In my testing, the results I am getting out of this query are on par with Bing Spell Search API v7 without paying a cent for such a service and without incurring the latency cost associated with running a spell checking service from the cloud.
Note on Misspelled vs Mistyped
The above solution works very well for searches where the misspelled word sounds like the original word, which is the case most of the time. However, if the misspelled word does not sound like the original word, then the logic of using SOUNDEX breaks. So for example, if we’re searching for ‘assistance’ by looking up ‘qssistance’ it no longer sounds like the original word and SOUNDEX becomes mostly useless.

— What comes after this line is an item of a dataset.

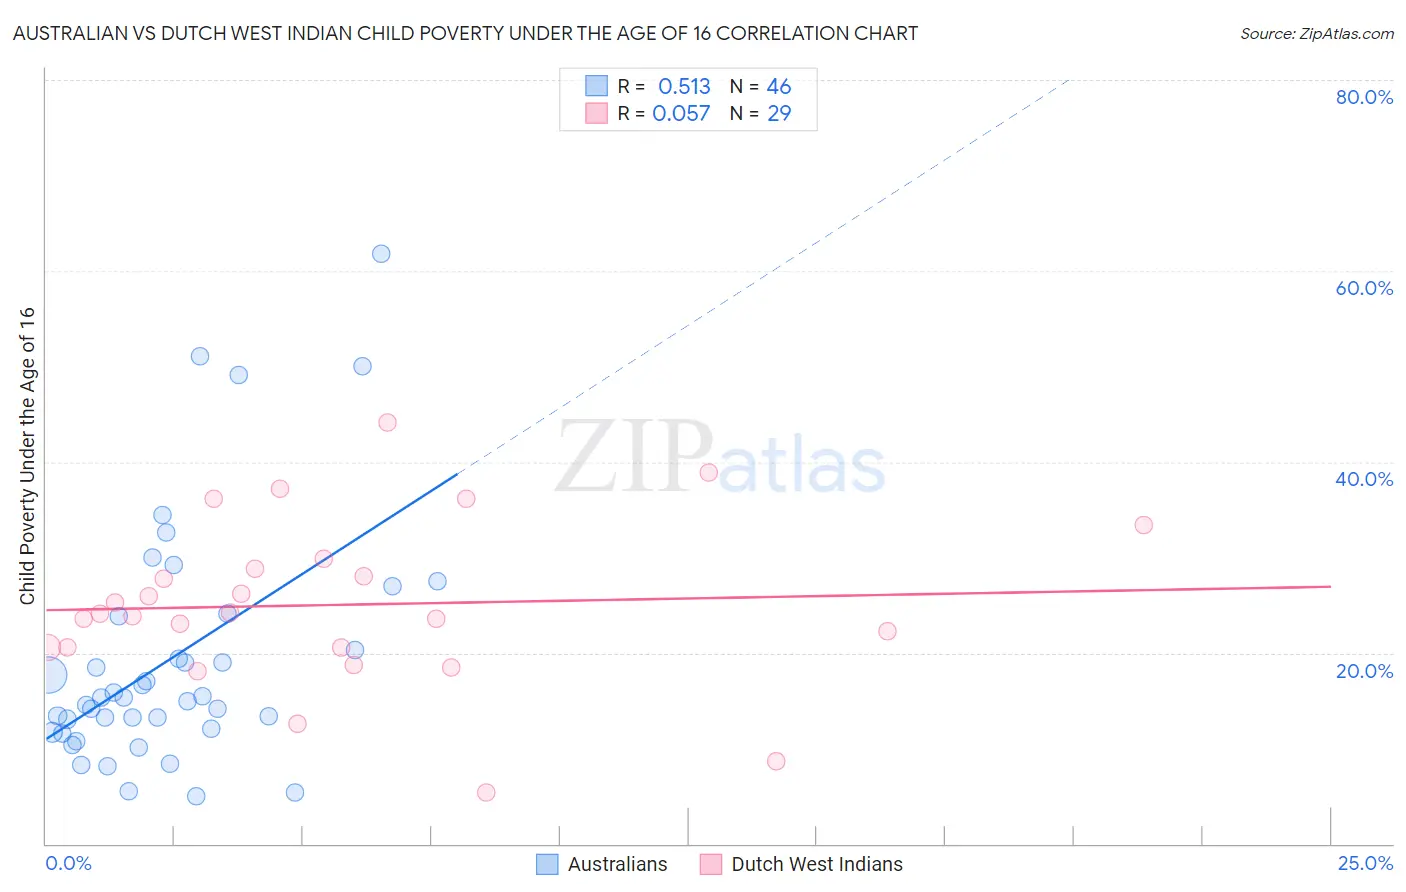 Australian vs Dutch West Indian Child Poverty Under the Age of 16

Even though not many people actually do that type of mistake, it’s possible to mistype the word this way, as Q is very close to A on the physical keyboard. To fix such an issue, one could still rely purely on Levenshtein which would get the job done, albeit it’d be a lot slower. In order to speed it up, you’d need to create a separate column in which you’d start capturing the misspelled combinations for each word in your database and always look up existing ‘captured’ combinations prior to an actual search, to make repeating future searches a bit faster.